At least in Europe, I expect that trends of discrimination caused by multilingualism to be regulated also by the European Commission. I find hard to believe (although not impossible) that all GSM operators from non-Western language countries will rush to change their charging mechanism just for cultural reasons.

On the other hand I also believe that the issue described here is rather caused by the lack of interest in internationalization matters from those who originally set the GSM technical specifications (and also the fault of those who later did too little to correct properly the technical problems or weaknesses).

Users should be able to choose freely how to treat their language, either mistreated or respectful, but either case should not be constrained by poorly designed technology. Nowadays the technical things are enough advanced to be able to cope successfully with any cultural demand.


Example of how an SMS related PC application treats different characters of different languages

Notes:
All snapshots were taken with the locale of the PC set to my language, Romanian.
I used the Motorola Phone Tools application for this example just because it has a very intuitive interface in relation to the subject discussed here.

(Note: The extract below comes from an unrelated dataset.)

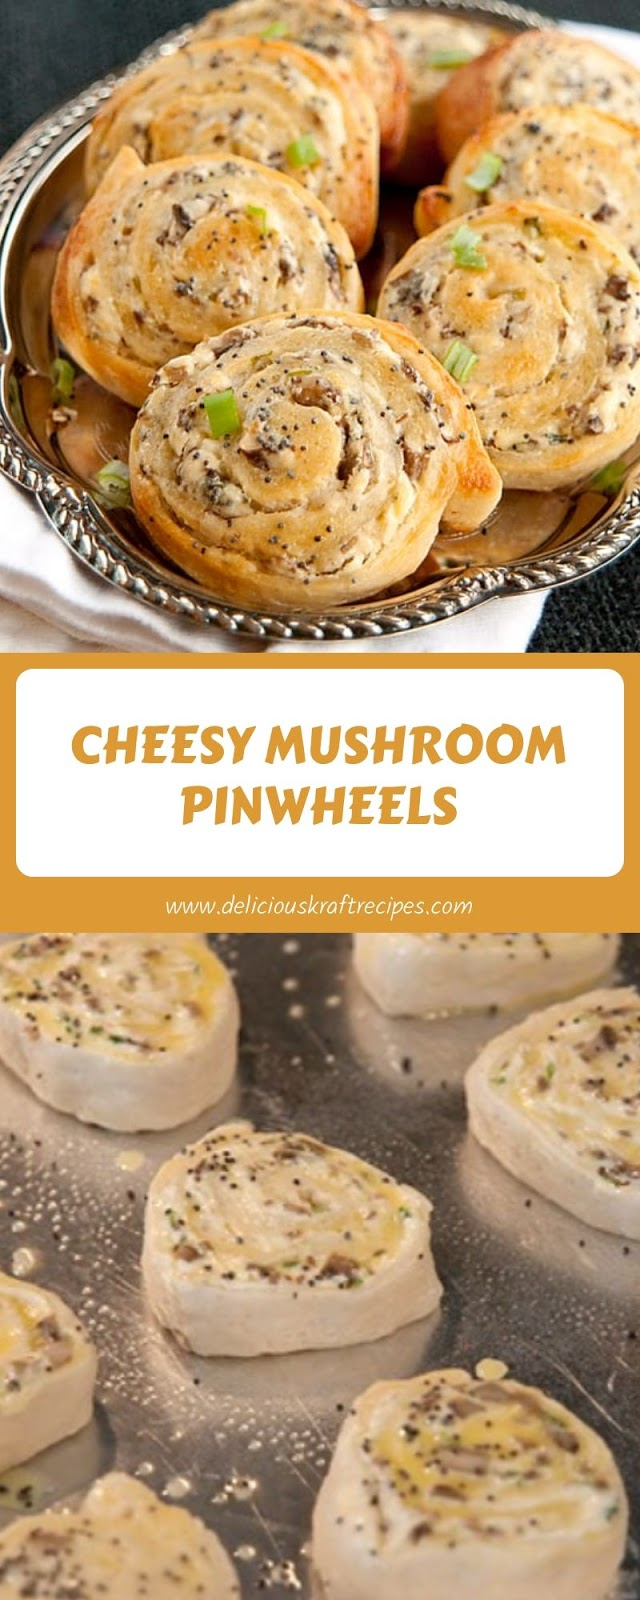 CHEESY MUSHROOM PINWHEELS

SMS message composition, French language, “normal” characters
Message composition example with Motorola Phone Tools. Nothing is unusual here.
SMS message composition, French language, “special” characters
Same message, same language. What is so “special” here by comparing with the previous ?
SMS message composition, Romanian language, “special” characters
Motorola Phone Tools thinks that ș, ț and ă are “special”. According to whom ?
SMS message composition, Bulgarian language, “special” characters
Now every character is “special”, just because it is not Latin based.